Kraus, 23, who said he once considered Aldrich a friend, also told The Daily Beast that the 22-year-old suspect in the mass shooting at the LGBTQ club Club Q that killed five people and injured 18 more on Saturday frequently used the word “f*ggot.” …
“There would be times where he and his mom would get into fights, arguments, because he would be saying hateful things about whoever he was angry with,” Kraus told The Daily Beast. “He said things sometimes that probably should have been alarming to me. He used the term “f*ggot” a lot. Most of the time it came from a place of anger.”
That doesn’t exactly sound like a man who cares a lot about pronouns. This suggests that Aldrich’s attorneys are pulling out all of the cultural stops they have to gin up sympathy for him, which would be pretty grotesque considering the community he targeted.
On the other hand, the more we know about Aldrich/Brink’s background, the easier it becomes to consider the stranger explanations. The Daily Mail followed up on his name change six years ago with even more background on the family, and it just keeps getting weirder. The name change was apparently an attempt to put distance between Aldrich/Brink and his father, who had become both an MMA fighter and a porn actor:
Brink reportedly left Aldrich’s mother when Anderson was a baby, before taking up MMA and porn, under the alias ‘Dick Delaware.’
He also appeared on camera on the reality shows Divorce Court and Intervention in 2009, when his fiancée tried to get him to stop using crystal meth, according to the New York Post.
Brink has an extensive criminal history, including convictions for battery against the alleged shooter´s mother, Laura Voepel, both before and after the suspect was born, state and federal court records show.
A 2002 misdemeanor battery conviction in California resulted in a protective order that initially barred the father, Aaron F. Brink, from contacting the suspect or his mother except through an attorney, but was later modified to allow monitored visits with the child.
The father also was sentenced to two and a half years in custody for importation of marijuana and while on supervised release violated his conditions by testing positive for illegal steroids, according to public records.
This suspect had a very screwed-up childhood, no doubt. Don’t forget that his mother also picked up an arson charge along the way, which got pled down to a lesser charge eventually. Aldrich/Brink seemed primed to explode at some point — which again raises the question as to why prosecutors dropped felony charges last year against him for the bomb threat and kidnapping incident in June 2021. A local report suggested that the mother refused to cooperate, but Aldrich/Brink livestreamed the incident on Facebook. Prosecutors could have used that to take him to trial, get him committed for an extensive psychological evaluation, or at the very least used Colorado’s existing red-flag law to take away his weapons and prevent him from legally buying more of them.

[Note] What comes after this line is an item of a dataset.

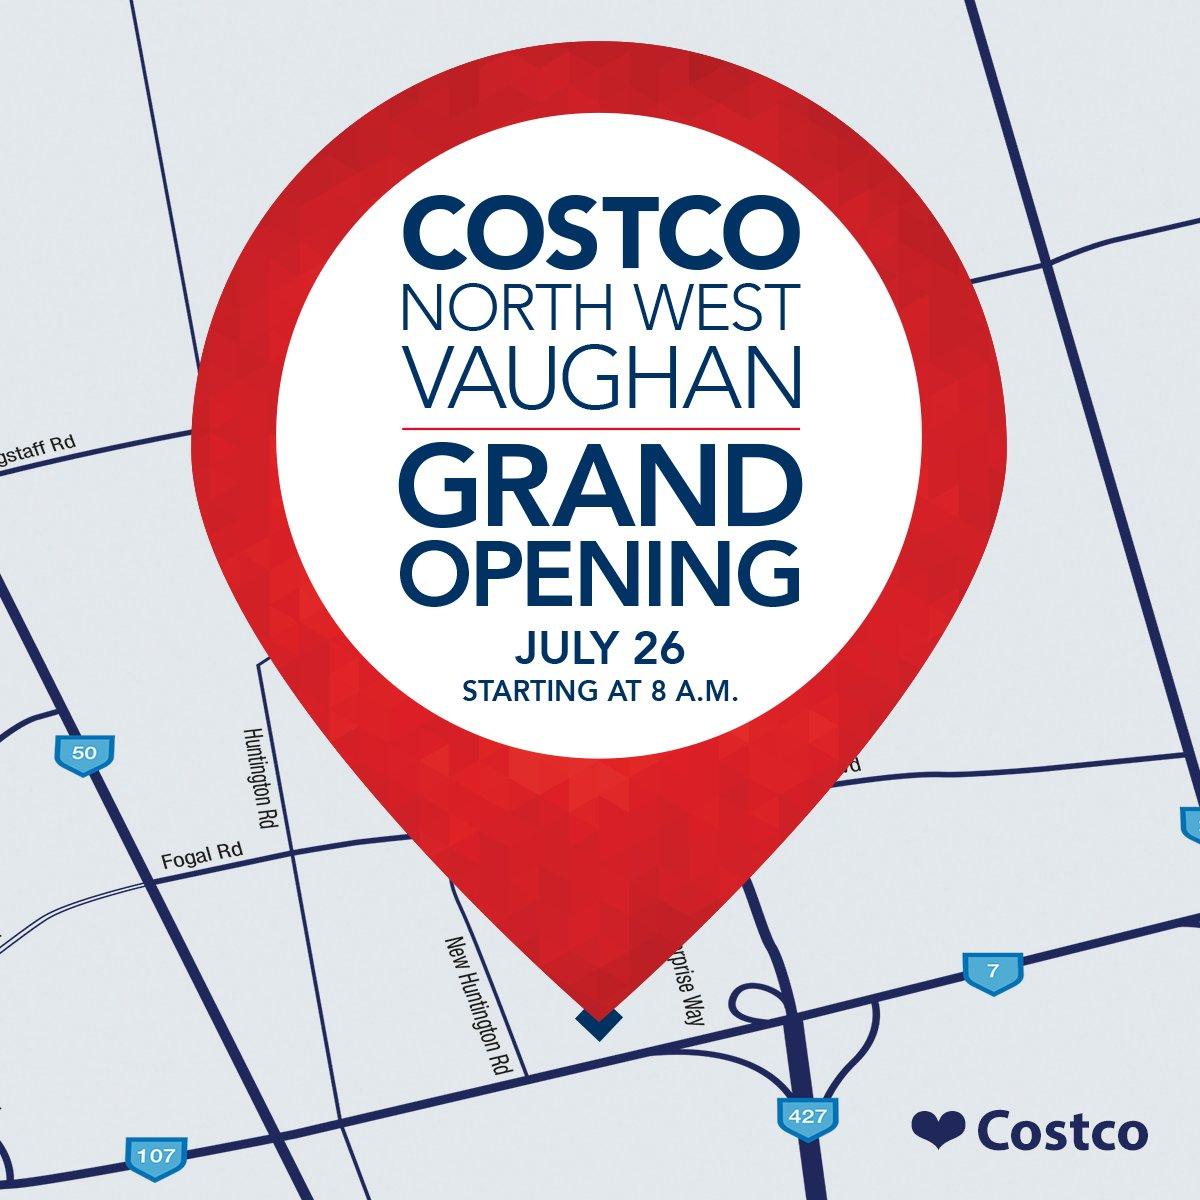 Costco Canada on Twitter:

Instead, no one did anything — not his family and not prosecutors. Now that Aldrich/Brink has exploded, plenty of media figures want to point fingers at political opponents to distract from the real questions about why existing laws never got applied when those might have saved five lives.
Addendum: CNN is similarly skeptical. Errol Louis and I are pretty much on the same page, especially when it comes to the relative import of the “hate crimes” charge. Ian Miles Cheong flags this for the hypocrisy, however, as does Matt Walsh more generally (via David Strom).
CNN misgenders the Colorado gay club shooter and claims the perpetrator isn’t actually non-binary. How quickly they drop all the pretense and admit that non-binary gender identities are made up. pic.twitter.com/4etcwWA0ph
— Ian Miles Cheong (@stillgray) November 23, 2022
Sorry but if you're on the Left then you have no right to deny the shooter's non-binary identity. You set a precedent here and we will hold you to it. You have to respect his identity. I don't. You do. These are your rules. Now take your medicine and shut up.